Her father might be right that she shouldn’t be mixed up with someone as ambivalent as Chris. Susan had been shocked when she realized that he was interested only in chasing her, not in catching her. How could someone as original as Chris engage in such clichéd behavior? But she had told him that she loved him. Those were words that an adult could not go back on; they were a promise, binding even though he hadn’t yet said he loved her. You couldn’t base love on a quid pro quo.
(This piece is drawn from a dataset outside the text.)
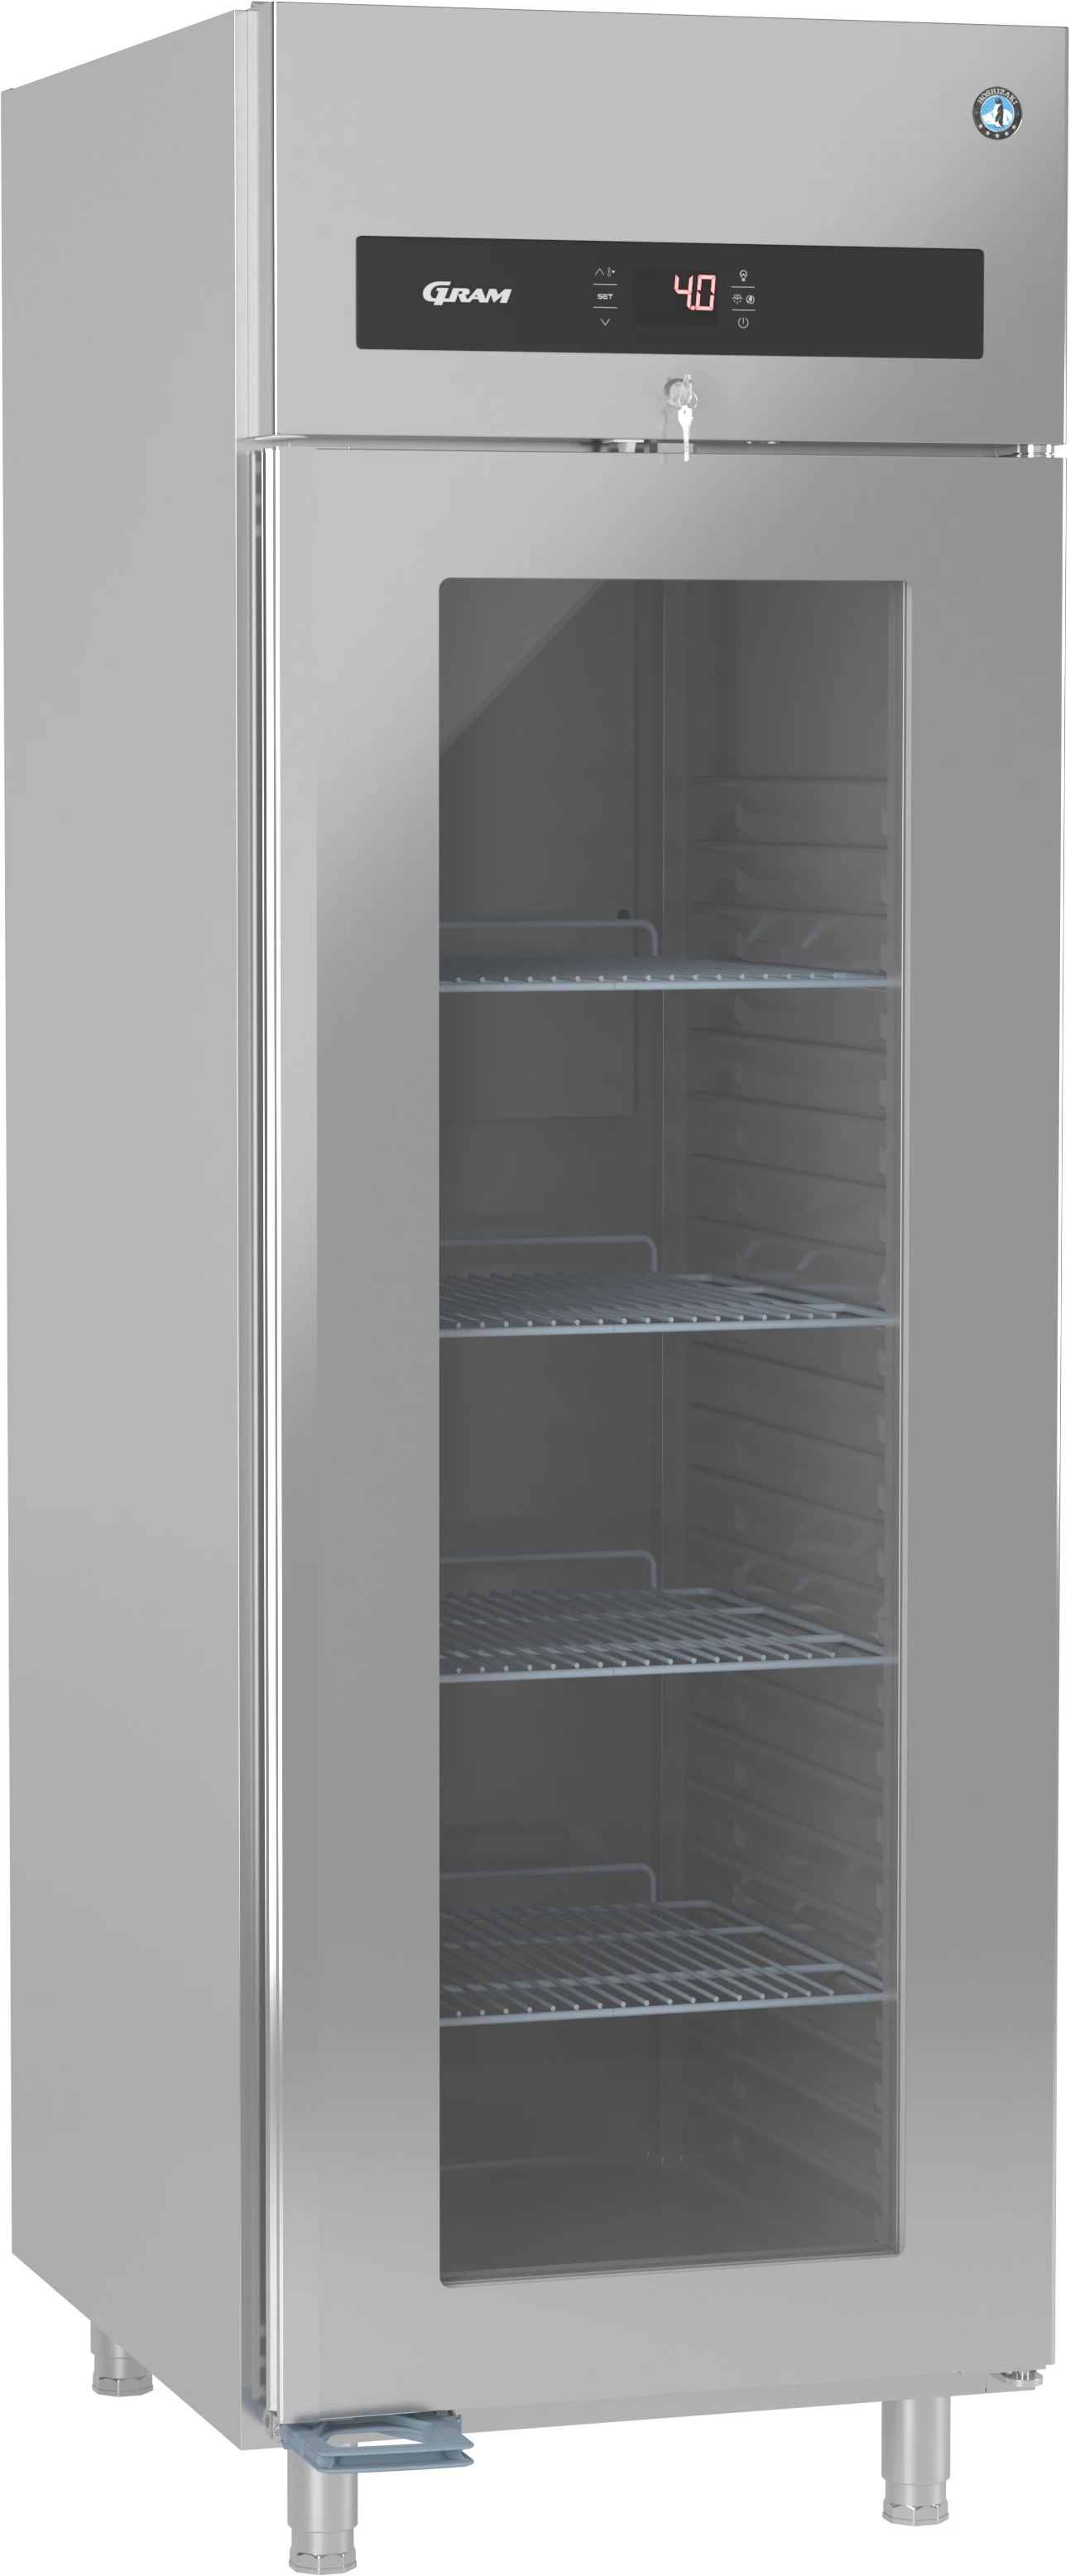 Gram Premier KG70 L DR køleskab

Susan had never told any man but Chris that she loved him, although she had said it to two boys: the first when she was nine and the second when she was nineteen. Apparently it was a ten-year cycle. She had little doubt that without Chris she’d be alone for another ten years, perhaps forever. She’d probably never have children—with or without Chris, who sounded unenthusiastic about both kids and marriage. That was all right, because Susan had her own doubts about all that. For one thing, she would surely make any child of hers miserable. She couldn’t even make herself happy. And all marriages were dangerously prone to make everyone miserable. To be unambivalent about marriage, you needed to be one of those bland, oblivious people who never expect trouble and never think anything is their fault—like her mother, a great believer in marriage. Or at least you needed to be less like Susan and more like Mallory, who always assumed she made her boyfriends happy, whereas Susan always assumed the contrary.
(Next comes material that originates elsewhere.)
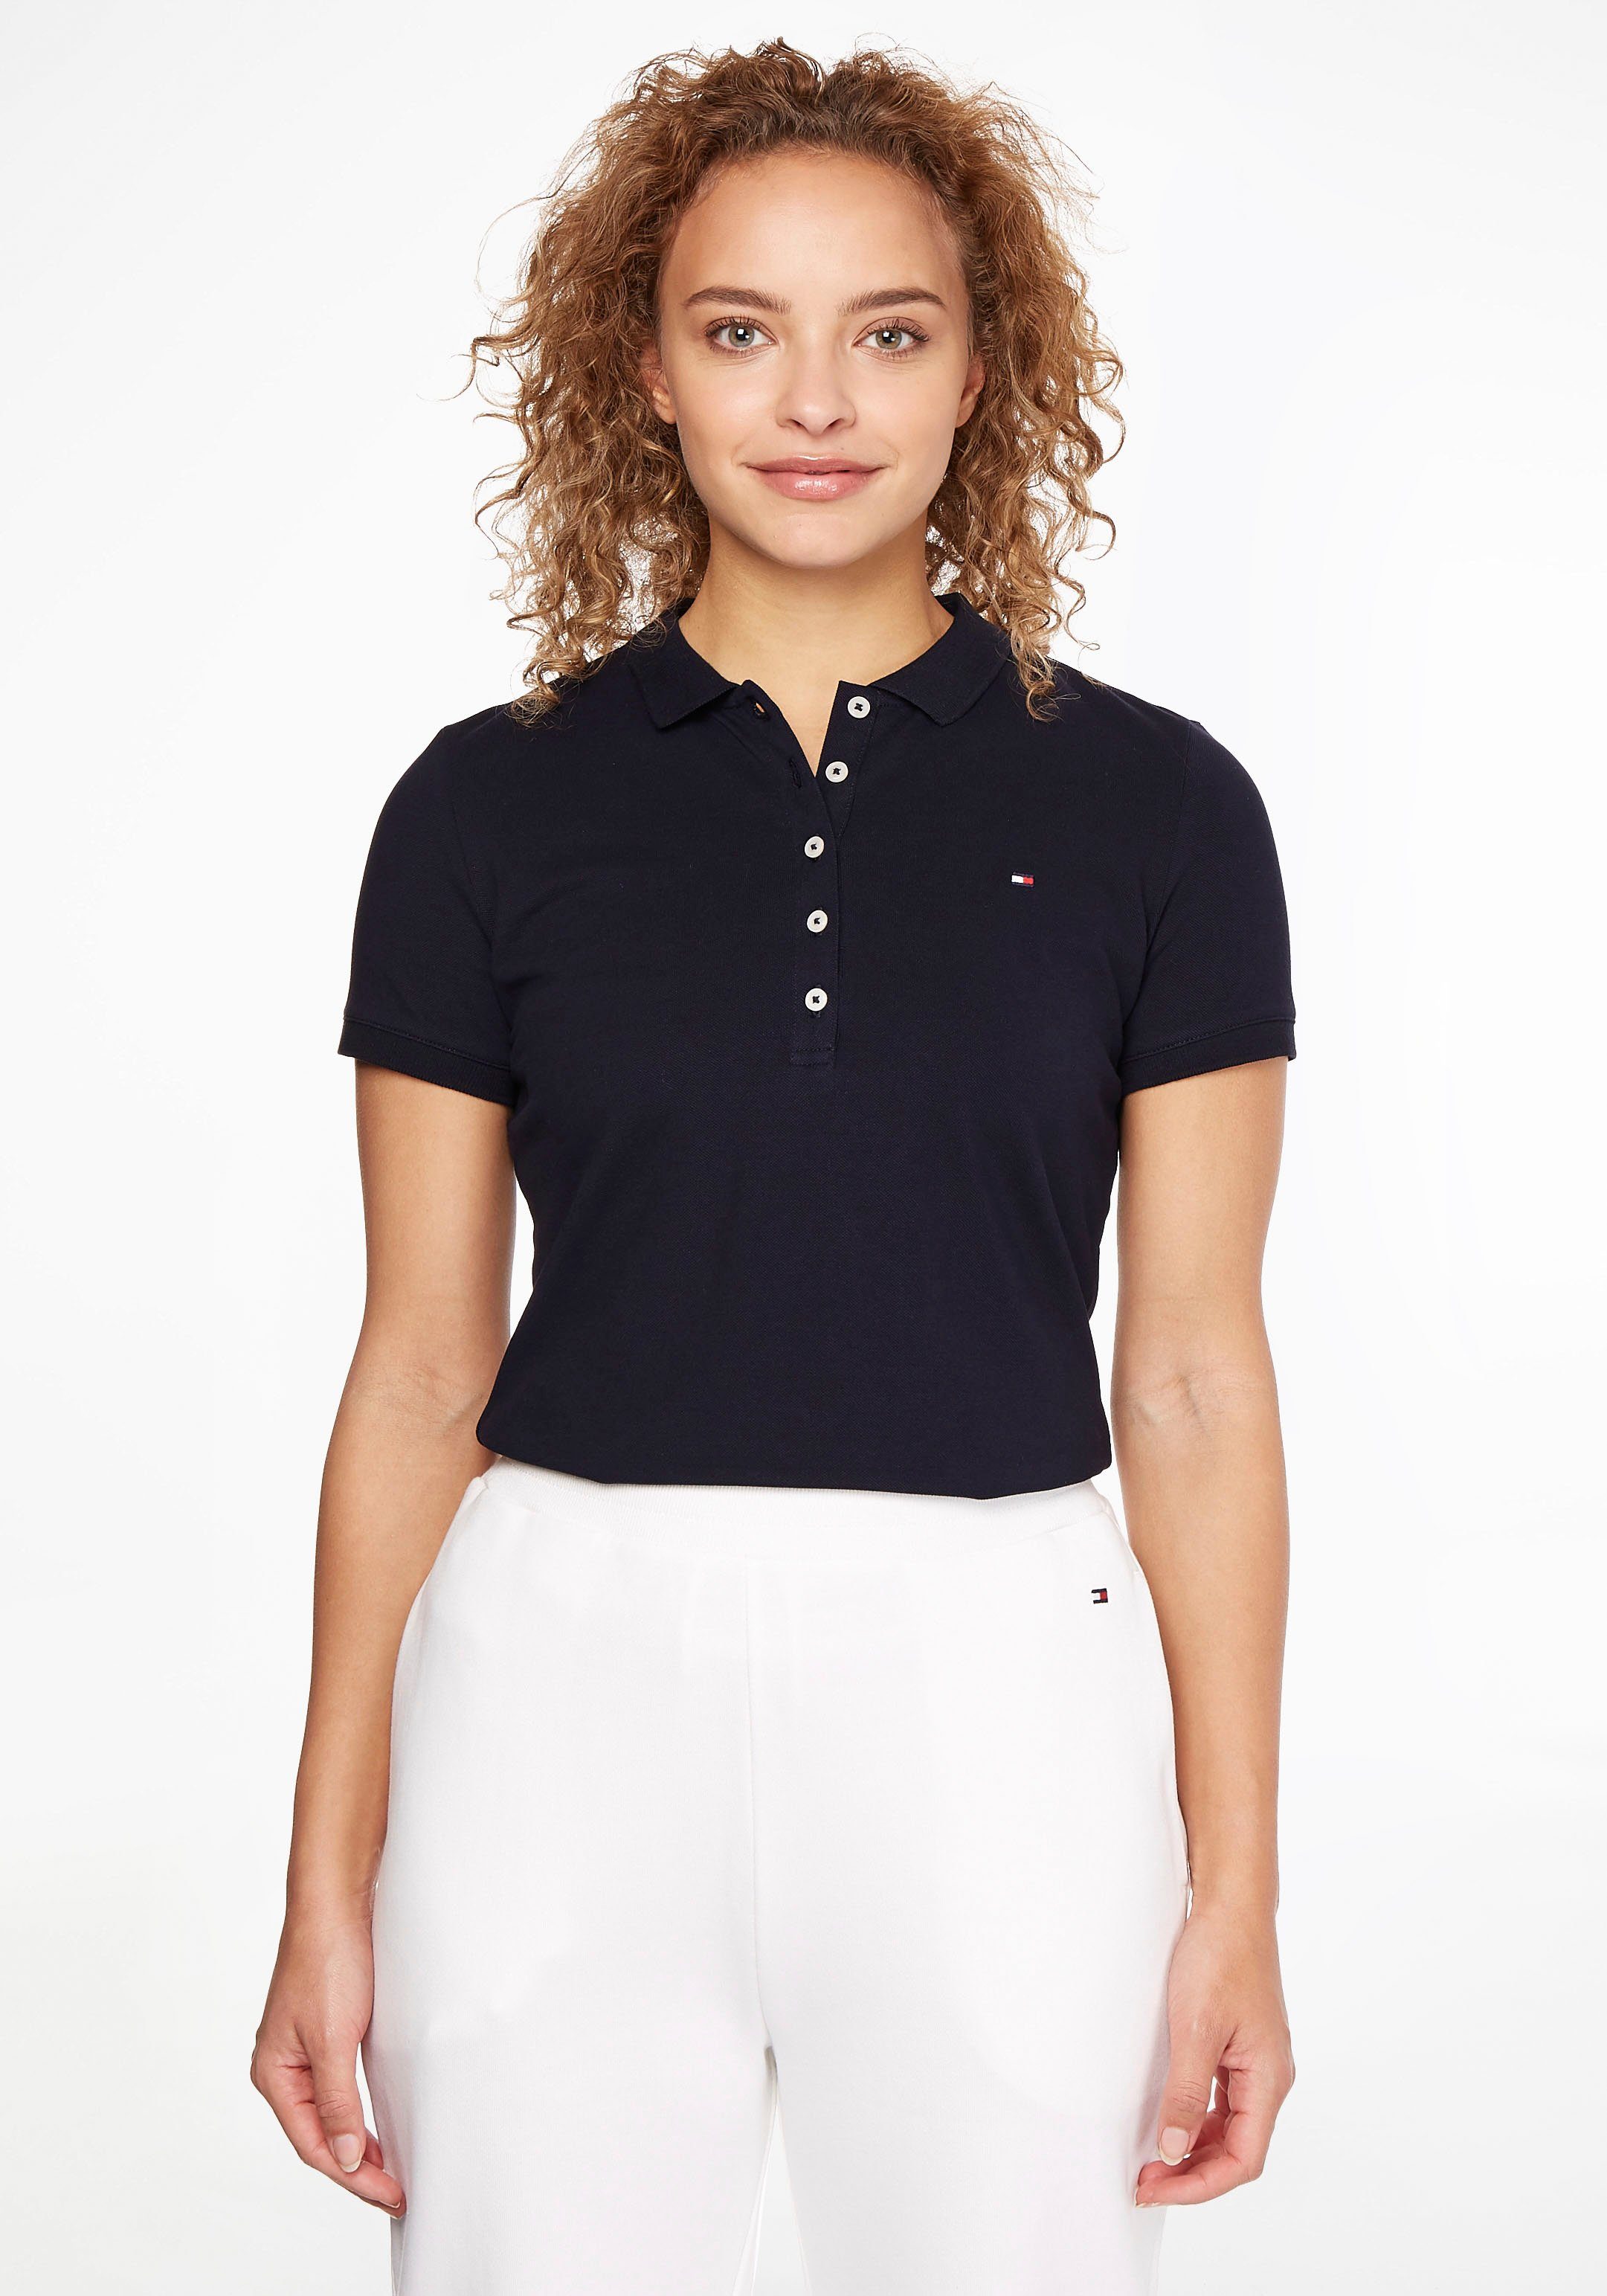 Tommy Hilfiger Damen Poloshirts online kaufen » Polohemden | OTTO

Susan thought, on the whole, balancing the reality of Chris against the unknowns, that she could be content with Chris, whatever the problems, if she could only be sure of him. After all, she and Chris, with their shared commitments to the arts and their similar educations, were far better suited to each other than her father and mother had been. What a mismatched pair they were, with opposed tastes, values, and temperaments. But her father had never left her mother or quarreled with her perfect right to live out her life with him at her side, doing his best to make her happy. Susan concluded her reverie by deciding to let Chris rely on her and see what happened. This, at least, was a course of action that didn’t make her feel guilty.
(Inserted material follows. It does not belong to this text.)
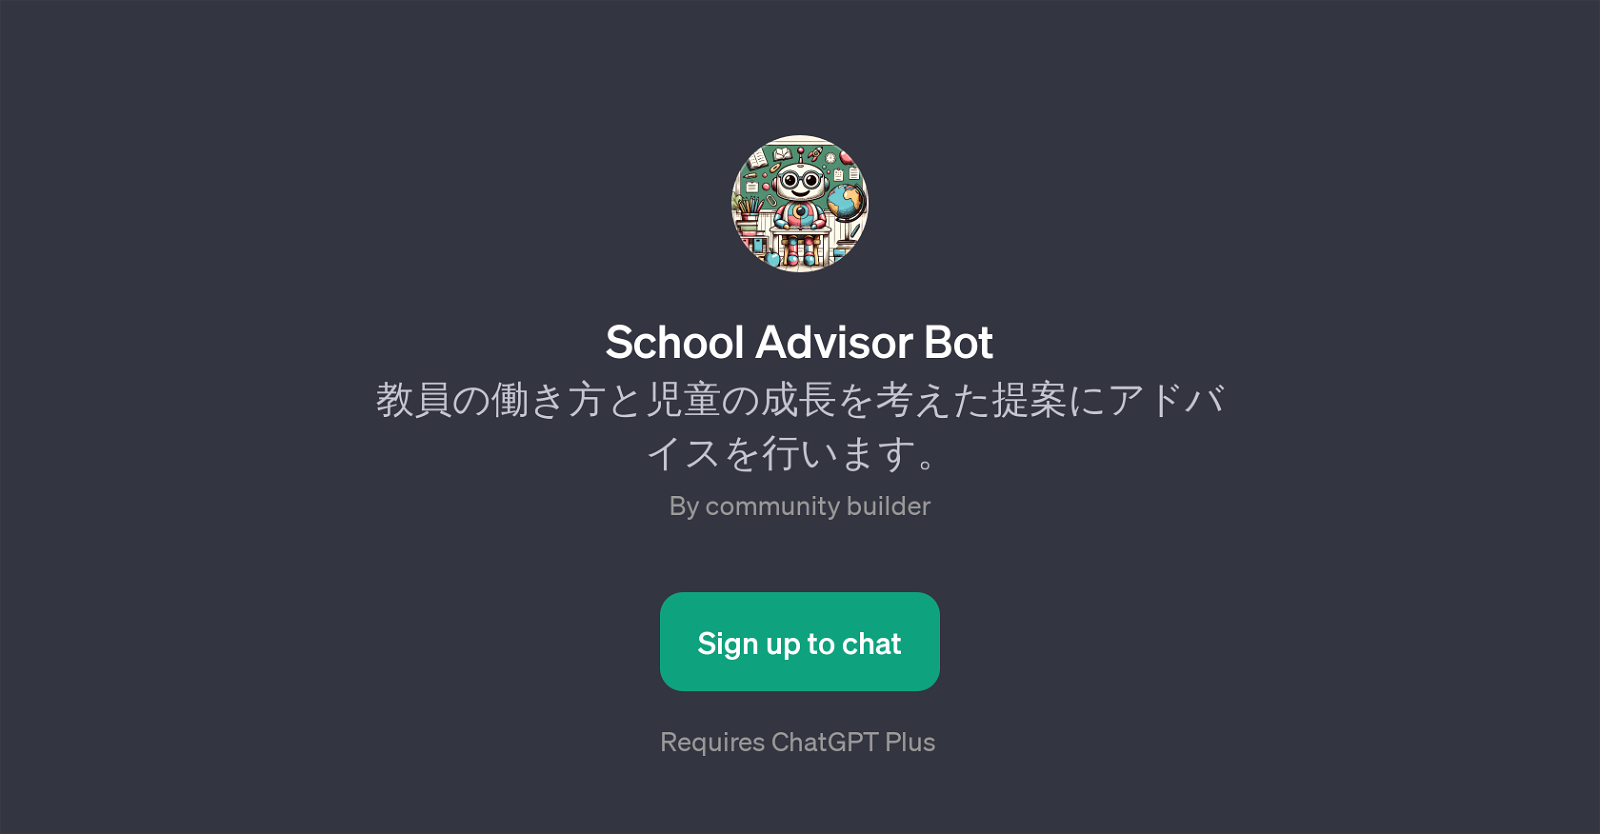 School Advisor Bot website

Susan went to bed and awoke at 1:00 A.M. with a sense of foreboding, her heart beating haphazardly with accelerated riffs. It was hours before she could fall asleep again, and when the alarm sounded at 7:00, she woke feeling doomed and resigned. She walked to St. Luke’s, gathering herself so as to be able to appear harmless and happy before her father, her unconscious mother, and the nurses. She resolved to talk to Chris despite her fear of exposing the undercurrents of their present situation.

But when she called him after visiting the hospital and going to class, he seemed surprised to hear from her.

“Of course we can talk,” said Chris after a disconcerting pause. It was terrible the way his voice, when he finally spoke, was affably intimate and nonplussed. It made her yearn with love for him. She perceived her own emotions as wacky, off. Yet he was behaving differently. Susan was now desperate for him to acknowledge the reality of this—if it was a reality. It was more painful losing him this way, with his tolerant distance and decent, mannerly denial, she thought, than if he’d announced openly that he didn’t love her or if he’d actually died.

When he finally showed up at her apartment the following night, in high spirits, full of quips and anecdotes and affection, she found it impossible to tell him any of her doubts. They seemed lunatic and distorted. Susan told herself that she had to accept the reality that with no man of her own generation was she going to have the kind of merger of lives that their parents had had. That was all dead. My whole mentality, thought Susan, is an anachronism. If I’m not careful, I’ll end up with no one just because I insist on leading the kind of life that made my parents miserable.